> **WHAT IS REQUIRED**
Please repeat the whole listing exactly, but leave the pictures out.

> **COLLECTED MATERIAL**
↓↓↓
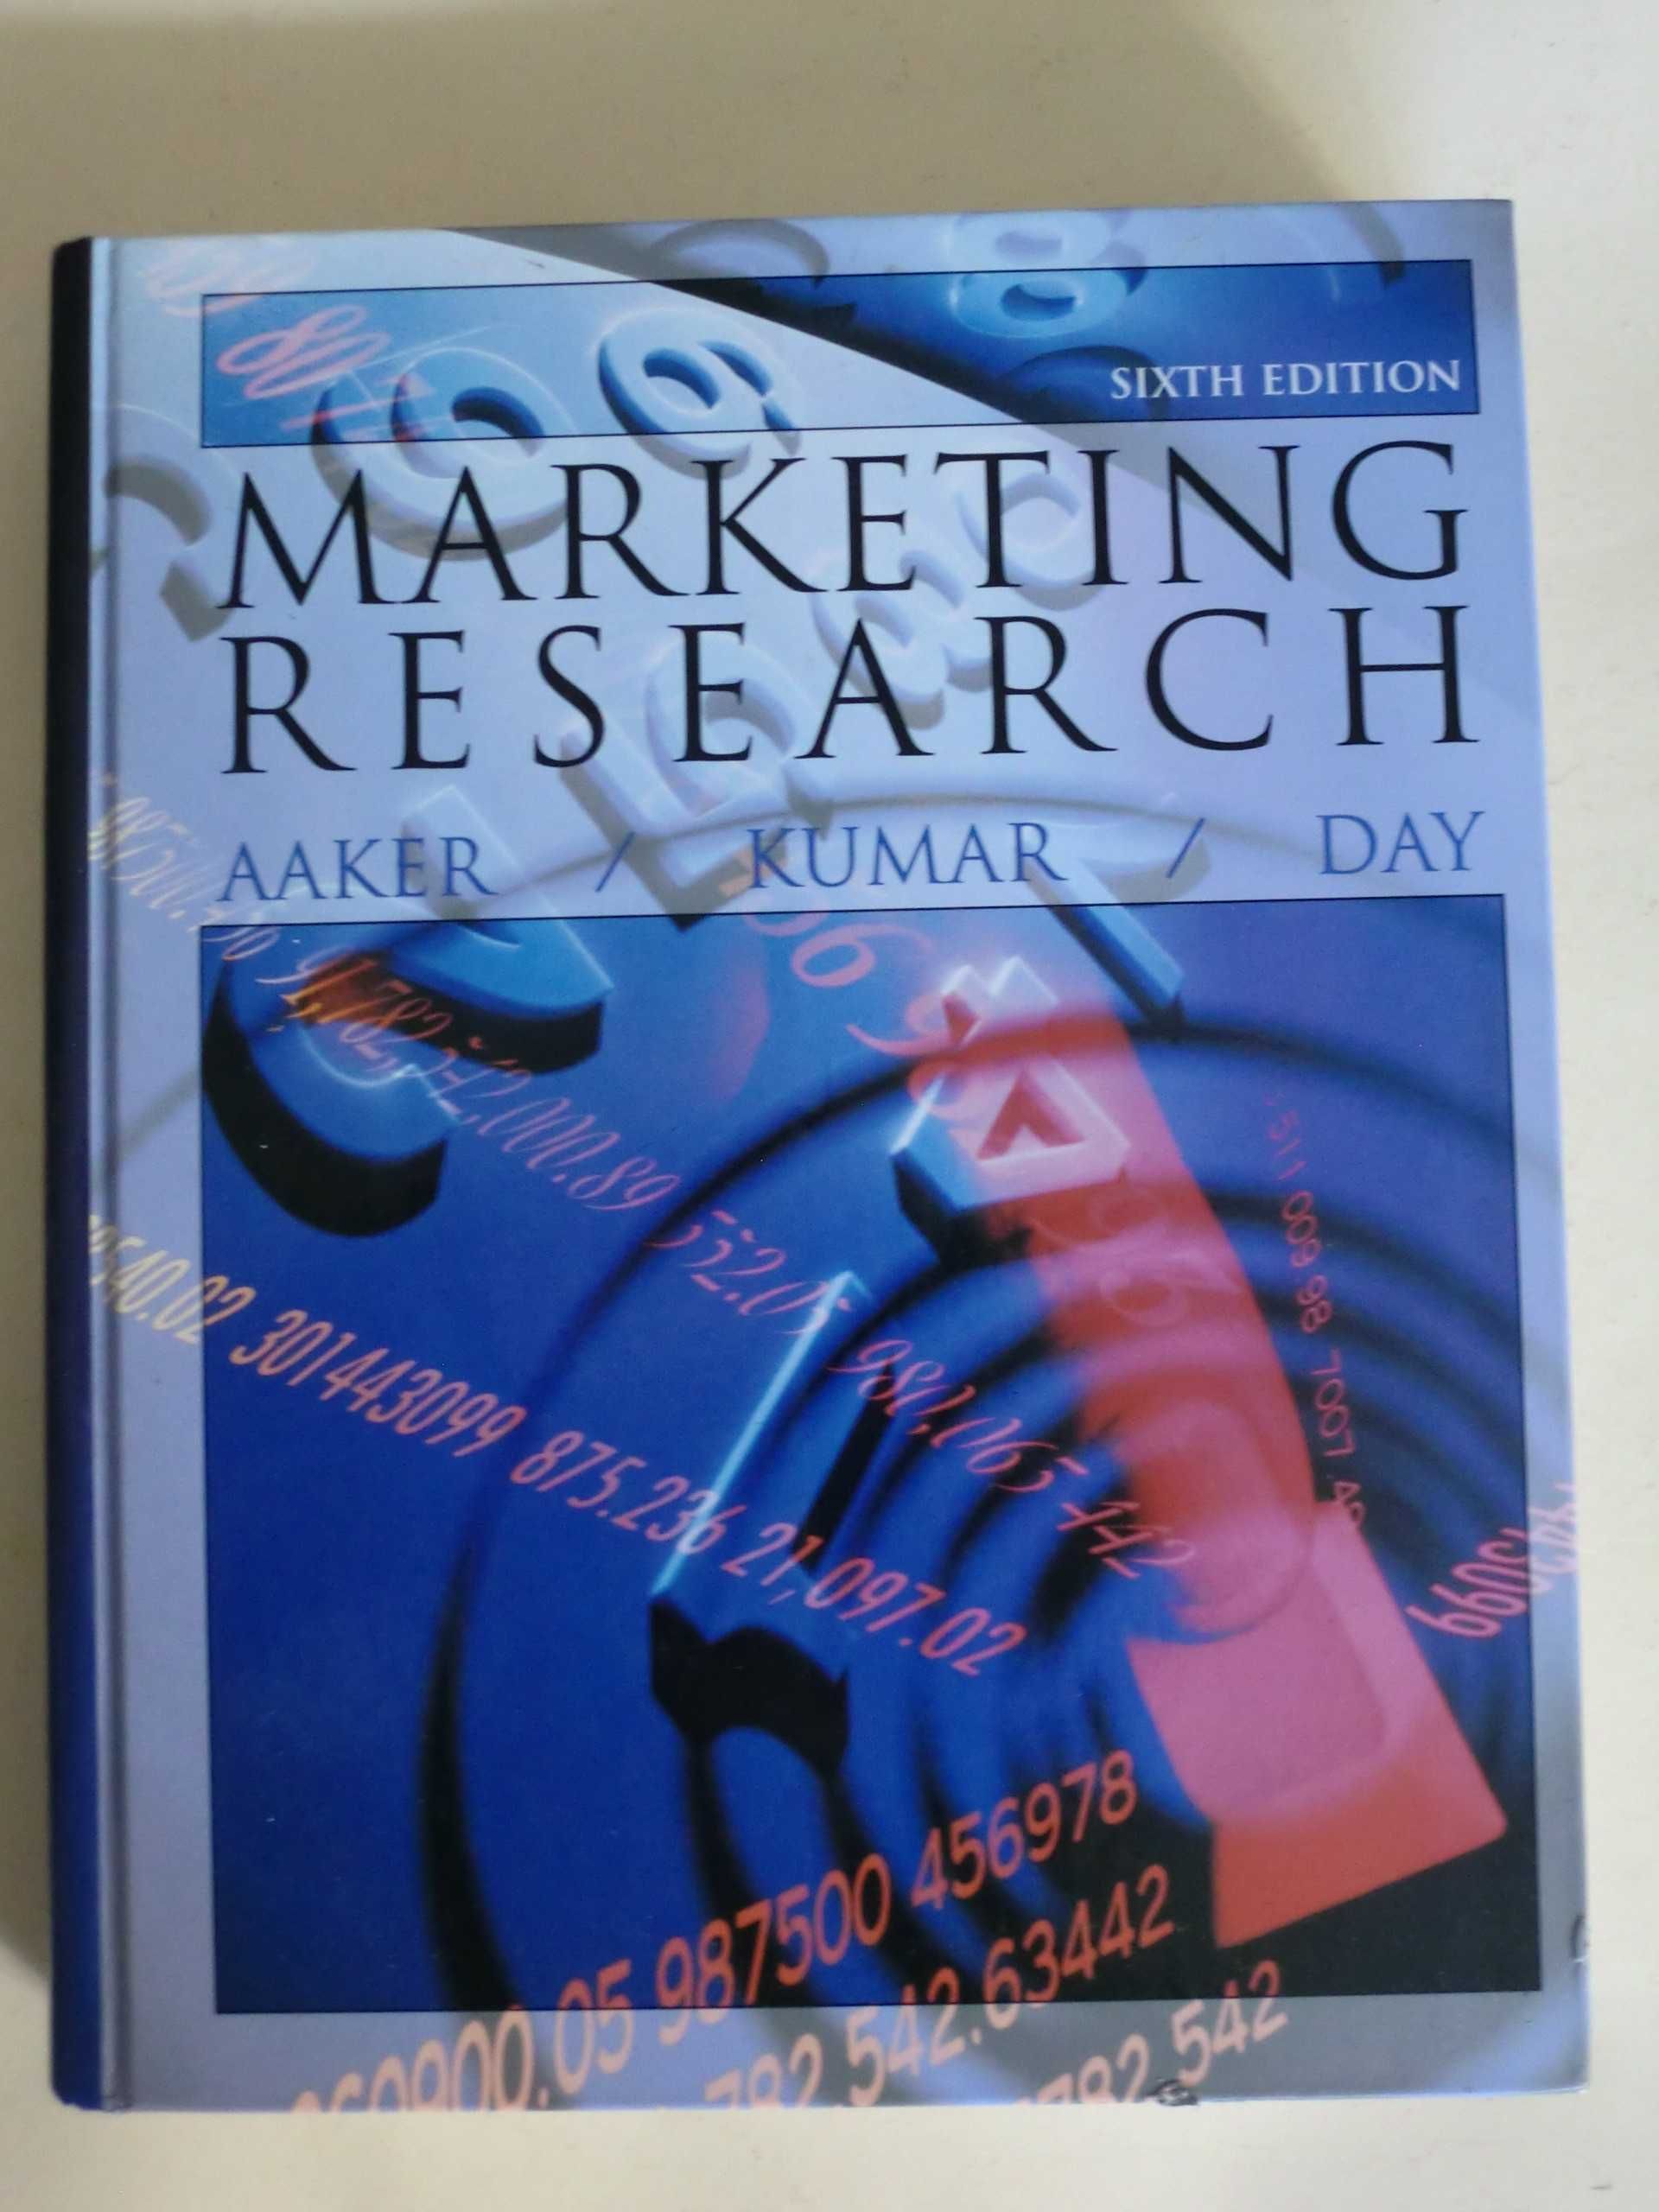 Marketing Research
de David A. Aaker, George S. Day e V. Kumar
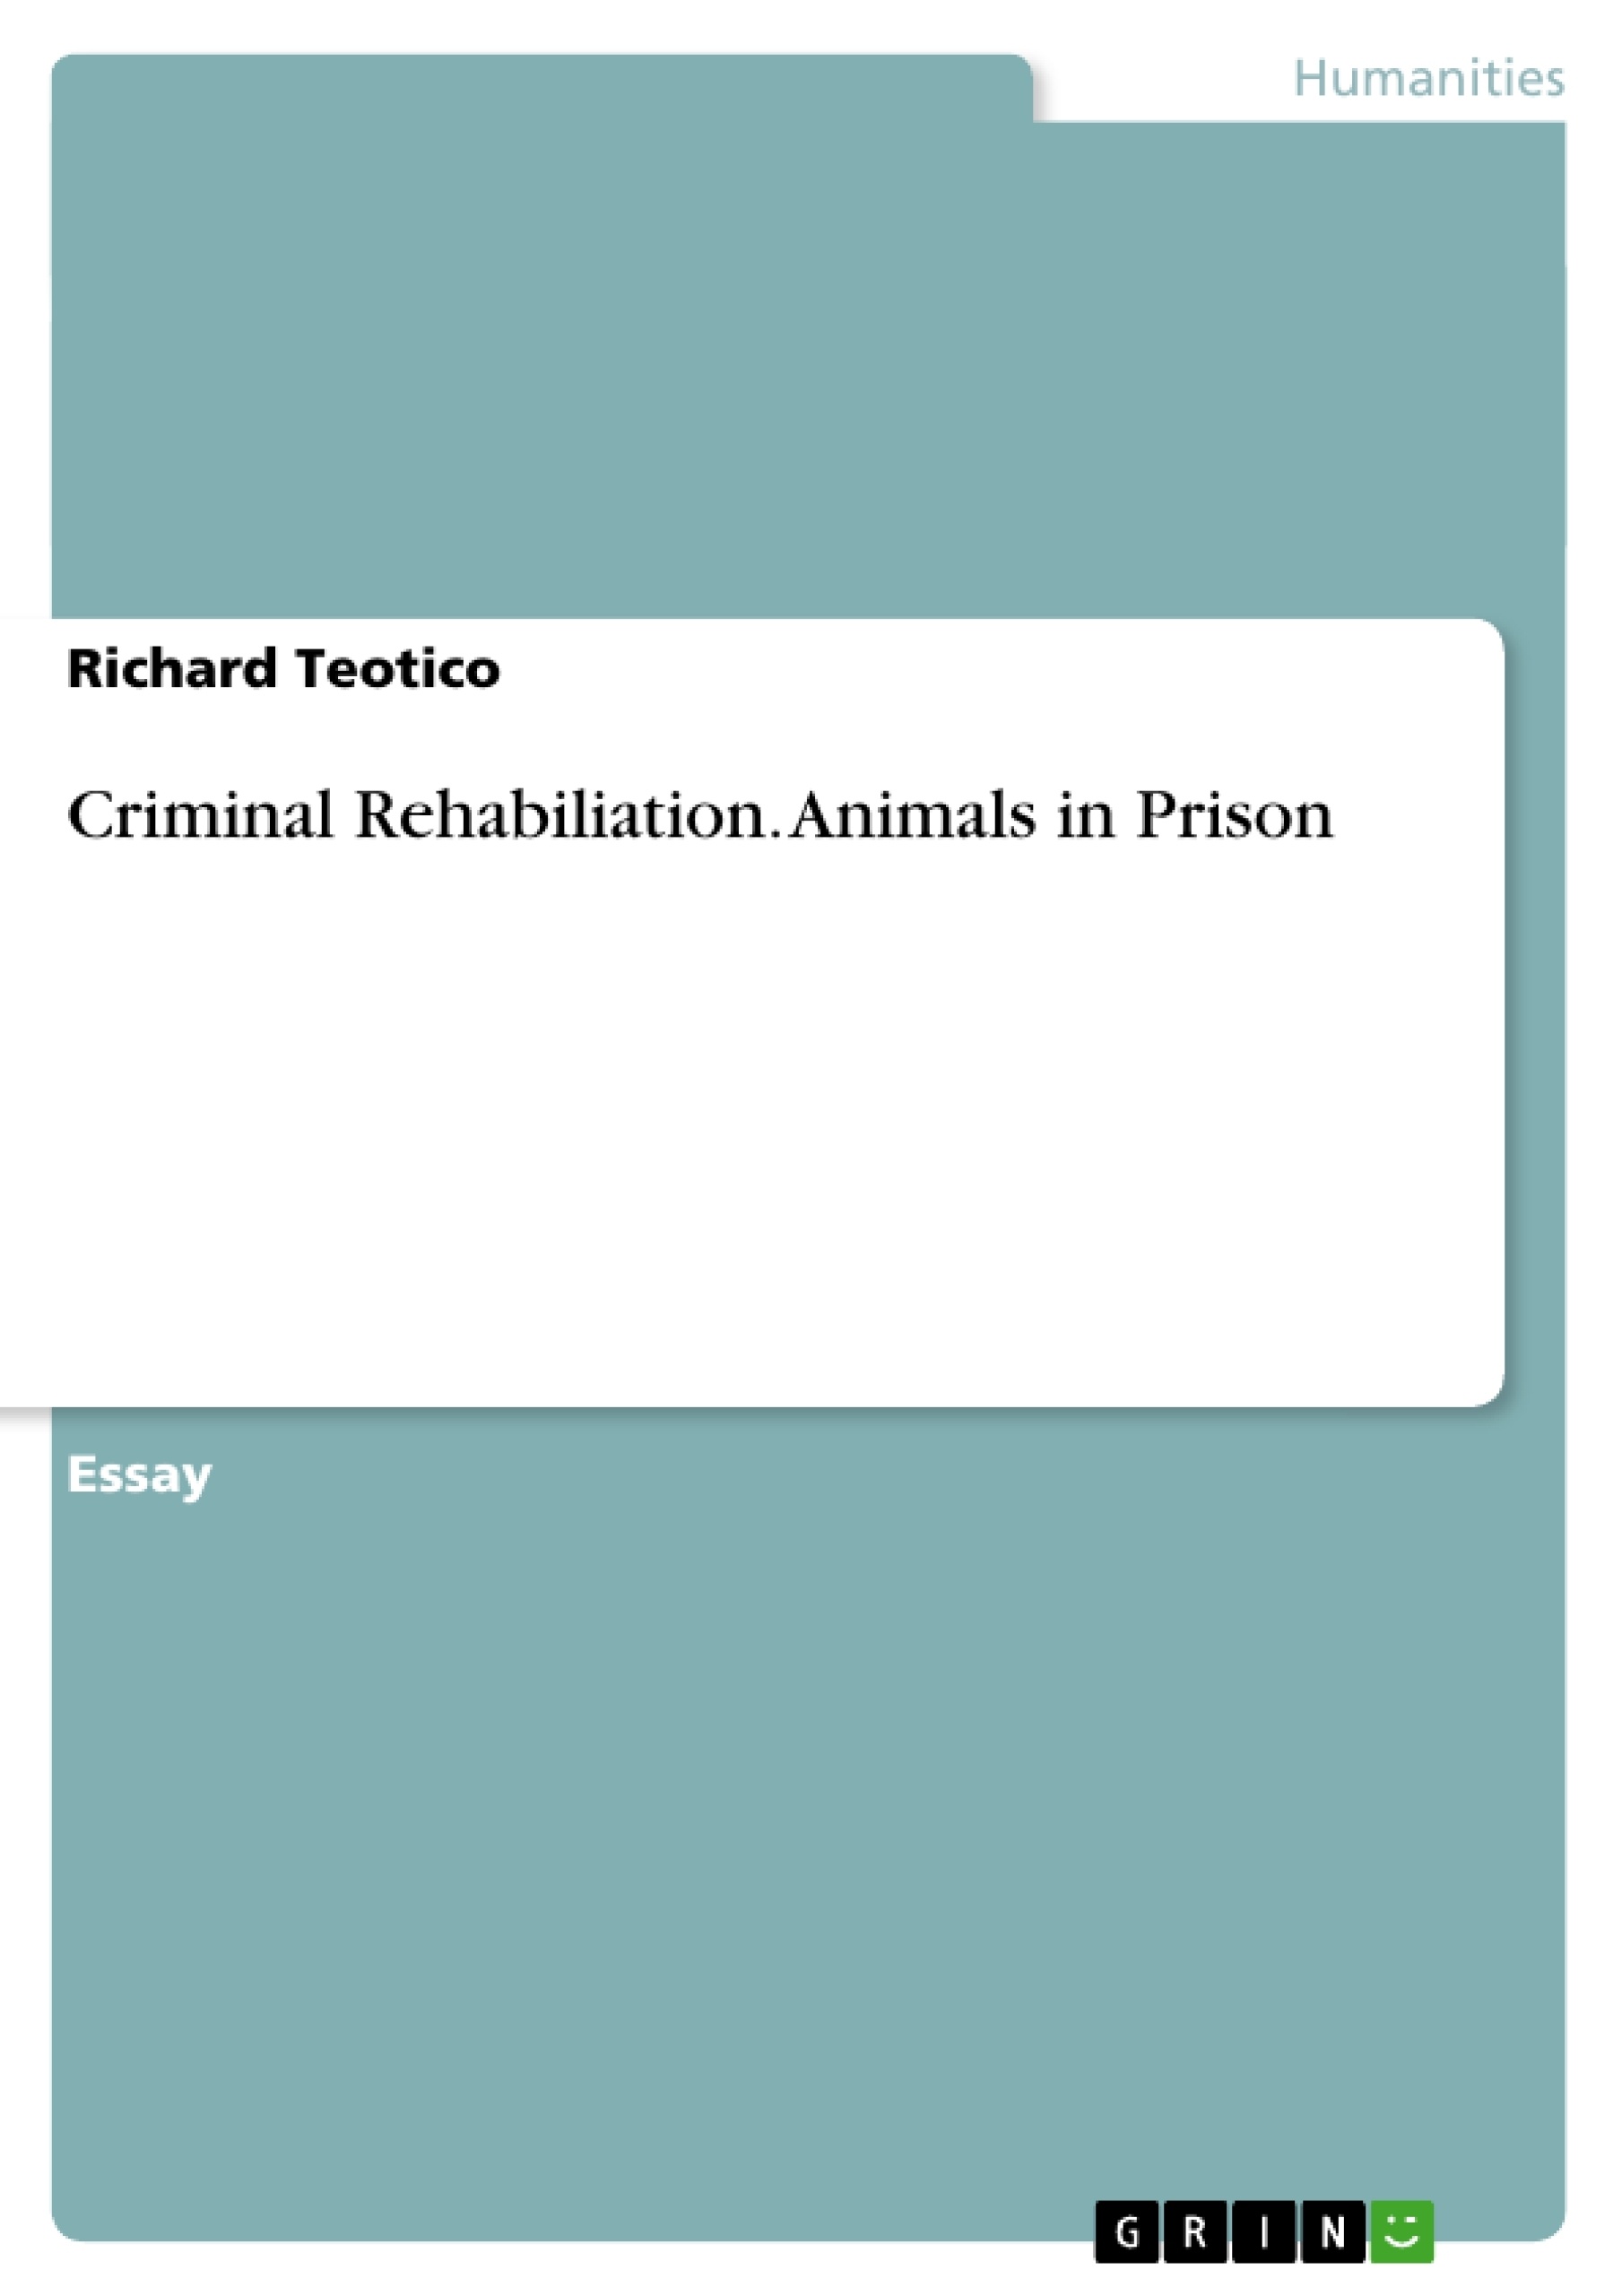 Criminal Rehabiliation. Animals in Prison - GRIN
↑↑↑
> **EXERCISE ANSWER**
 Marketing Research
de David A. Aaker, George S. Day e V. Kumar
 Criminal Rehabiliation. Animals in Prison - GRIN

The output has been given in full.